The disc begins with "Anna's Theme" even before the music for the opening title. After that, it proceeds chronologically through the end titles, followed by the Chaconne. The oldest section, Cremona, where the violin was made, does not attempt to sound like the period. Indeed, "The Death of Anna" reminded me of Ligetti rather than any attempt at writing in archaic modes, and "The Birth of the Violin" brings Berg to mind (not his violin concerto, but his "Lyrical Suite"). The next, Viennese, section, however, has some echoes of Bach's concerto for two violins, and a particularly bravura (post-rococo) showpiece, "Etudes: Death of Kaspar" in which the violin speeds up with a metronome that abruptly stops.
The following, Oxford, section has gypsy (Romani) fiddling, in which Joshua Bell gets to channel Niccolo Paganini in a cadenza and concert. (within the movie) both of which have many double-stops. Before that, however, there is a stately journey across Europe that seems to be to draw on Purcell and Handel. Midway, the gypsy violin takes over, mostly alone, segueing into the cadenza, which goes very high and is generally plangent. "Coitus musicalis" (!) is quite yearning--more interruptus than ecstatic consummation, and rather soundtracky (conventional, sad but lush Hollywood music).
There is some vaguely orientalist (that is western version of eastern music) in the Shanghai section, along with the Children's Chorus of the Shanghai Film Studio performing "Death of Chou Yuan" (a track I skip when I play the disc).
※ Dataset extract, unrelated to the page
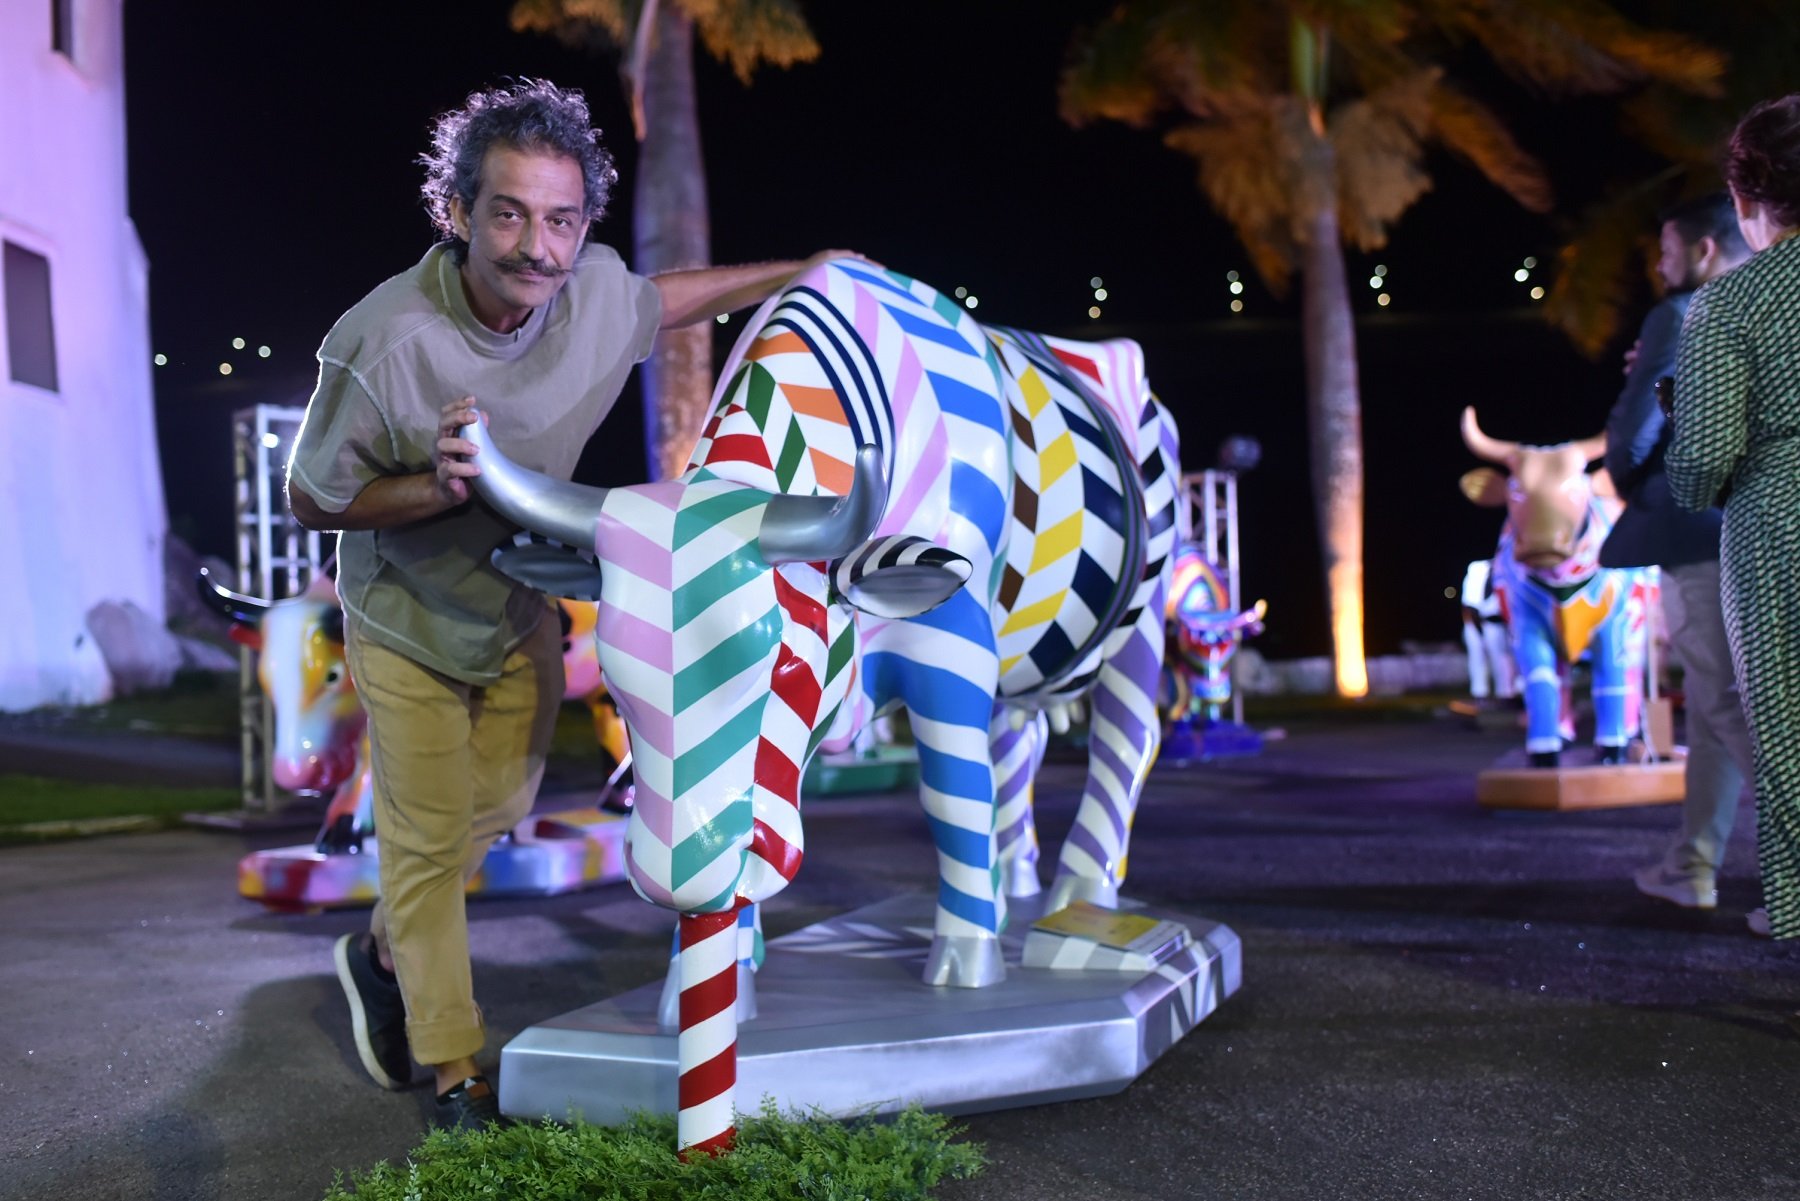 O evento marca o início da exposição de 62 esculturas de vacas, em tamanho real, feitas por artistas capixabas ou residentes no Espirito Santo

The contemporary, Montreal, section has quite mysterious music, particularly "Morritz's Theme," which has some affinities to Alban Berg's violin concerto (at least to its mournfulness). The end titles have "Anna's theme" (the leitmotif of both the movie's score and Corigliano's Chaconne) repeated, along with some of the wordless female chorus that is heard from periodically in the soundtrack.
I turn the bass down a bit, though it seems that the bass-heavy recording was approved by the composer, who was executive producer of the recording.
Joshua Bell is superb in all the eras, whether called on for brilliance and virtuosity or for soulfulness. With Anne-Sophie Mutter and Maxim Vengerov having recently turned in shockingly bad recordings of standard repertoire, and Vengerov's lack of involvement in developing new music, Joshua Bell seems to me the top violinist du jour.
Bell has premiered a violin concerto derived from "The Red Violin" that was conducted with the Los Angeles Symphony by Esa-Pekka Salonen, who conducted the Philharmonia Orchestra in the recording of the Chaconne and the soundtrack of the motion picture. The soundtrack won an Oscar, one of the occasional instances of the Academy of Motion Picture Arts and Standards getting something right.
BTW, the statements by Corigliano and
the film's director languages.Francois Girard in the booklet are uninformative, though there are many black-and-white stills from the movie spread across the versions in multiple languages.